REASON, CODE, REPEAT: Master Devstral & Magistrol — Mistral’s Game-Changing AI for Agentic Reasoning, Multilingual Logic, and Smarter Coding Workflows

REASON, CODE, REPEAT: Master Devstral & Magistrol — Mistral’s Game-Changing AI for Agentic Reasoning, Multilingual Logic, and Smarter Coding Workflows

As an affiliate, we earn on qualifying purchases.

As an affiliate, we earn on qualifying purchases.

What Remains Unclear

It is not yet clear how scalable or reliable this setup will be for more complex or longer tasks. Performance may vary depending on specific configurations, and the user has not yet tested the limits of the model’s capabilities in real-world applications. Additionally, the process involves manual configuration, which may be challenging for less technical users.

Amazon

AI model running on MacBook Pro accessories

As an affiliate, we earn on qualifying purchases.

As an affiliate, we earn on qualifying purchases.

What’s Next

Next steps include testing the setup with different models, optimizing configurations for stability and speed, and exploring ways to automate or simplify the process. Further experiments will determine whether more powerful models or larger context windows can be achieved within the same hardware constraints. Community sharing of configurations and experiences will likely drive further improvements.

Amazon

high performance MacBook accessories for AI tasks

As an affiliate, we earn on qualifying purchases.

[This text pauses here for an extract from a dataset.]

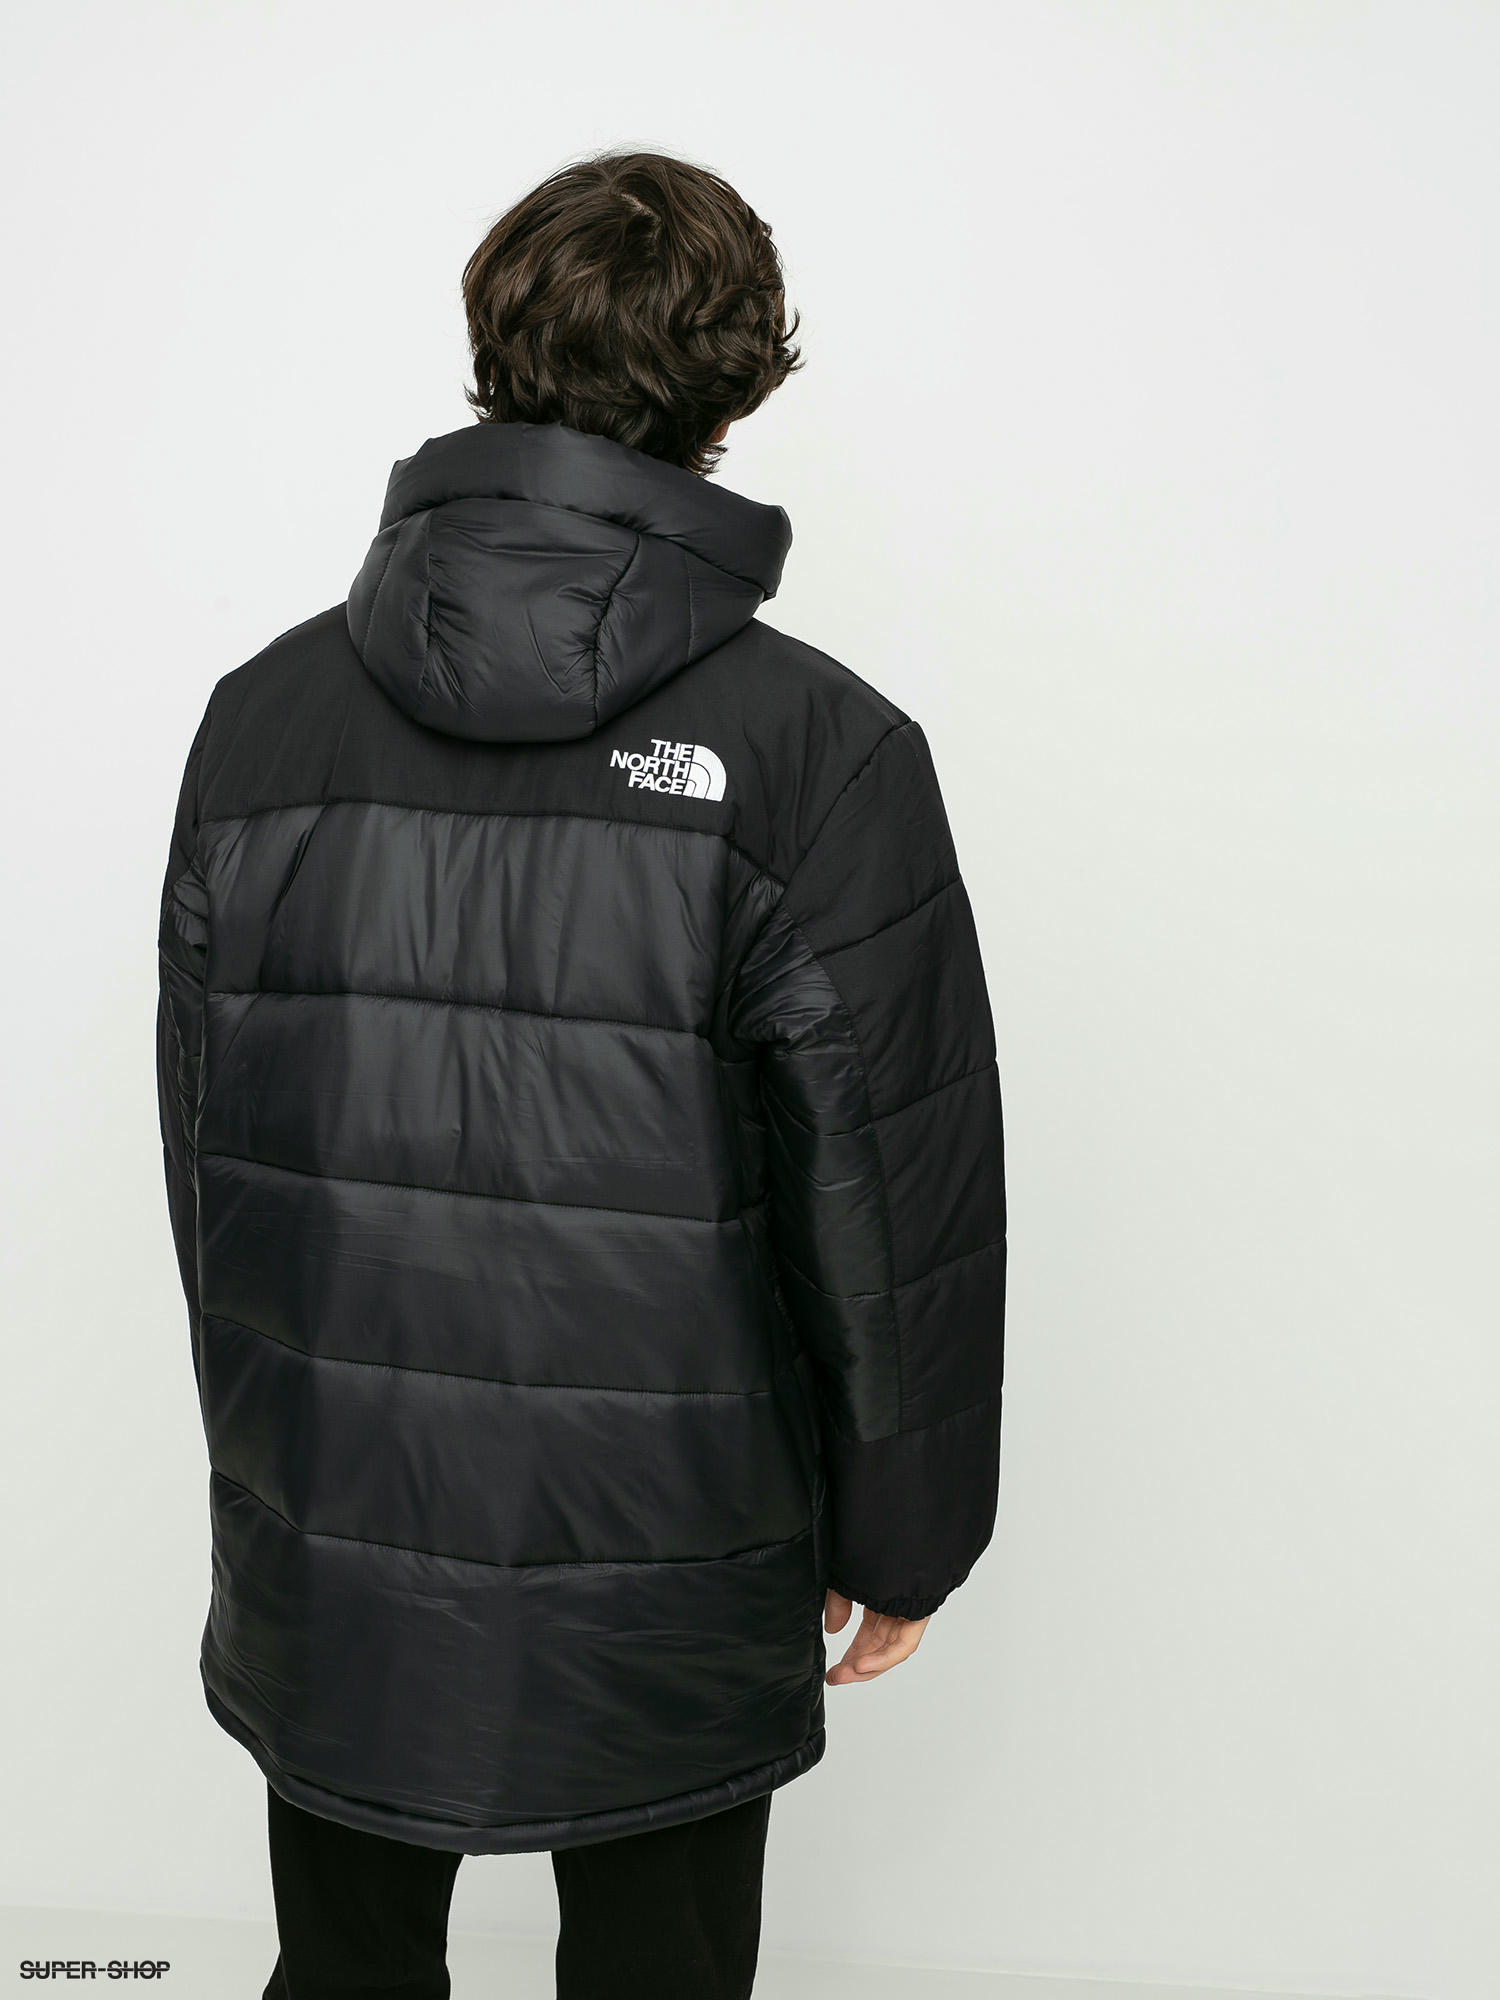 【Sサイズ】 THE NORTH FACE HMLYN INS JKT

As an affiliate, we earn on qualifying purchases.

Key Questions

Can I run larger models on an M4 MacBook with 24GB RAM?

Currently, only smaller or optimized models like Qwen 3.5 9B are feasible. Larger models exceeding this size are unlikely to run smoothly on the hardware without significant modifications or further optimization.

What software do I need to set up local models on a MacBook?

Tools like LM Studio, llama.cpp, Ollama, Pi, and OpenCode can be used. The setup involves configuring model parameters, enabling thinking mode, and adjusting inference settings, which can be technically involved.

How does local model performance compare to cloud-based SOTA models?

Local models like Qwen 3.5 9B are less capable of handling complex, multi-step tasks or long-term reasoning compared to SOTA cloud models. They are best suited for interactive, step-by-step workflows and basic research or coding tasks.

Is this setup suitable for professional or critical applications?

Due to limitations in complexity and stability, this setup is primarily for experimentation and personal use. It is not recommended for critical or production environments where reliability and advanced capabilities are essential.

You May Also Like

KVM Switch Basics: What You Need for Dual Computers

Inefficiently managing multiple computers? Discover essential KVM switch basics to streamline your setup and enhance your workflow.

Why Laptop Battery Health Drops So Fast (And How to Slow It Down)

When your laptop battery health drops quickly, understanding the causes and solutions can help you extend its lifespan effectively.

Stop Notification Spam Without Missing Important Alerts

Learn how to stop notification spam without missing crucial alerts and discover strategies to keep your focus intact.

Calculate Battery Backup Runtime in 60 Seconds

Power up your knowledge instantly—learn how to calculate your battery backup runtime in 60 seconds and maximize your device’s efficiency.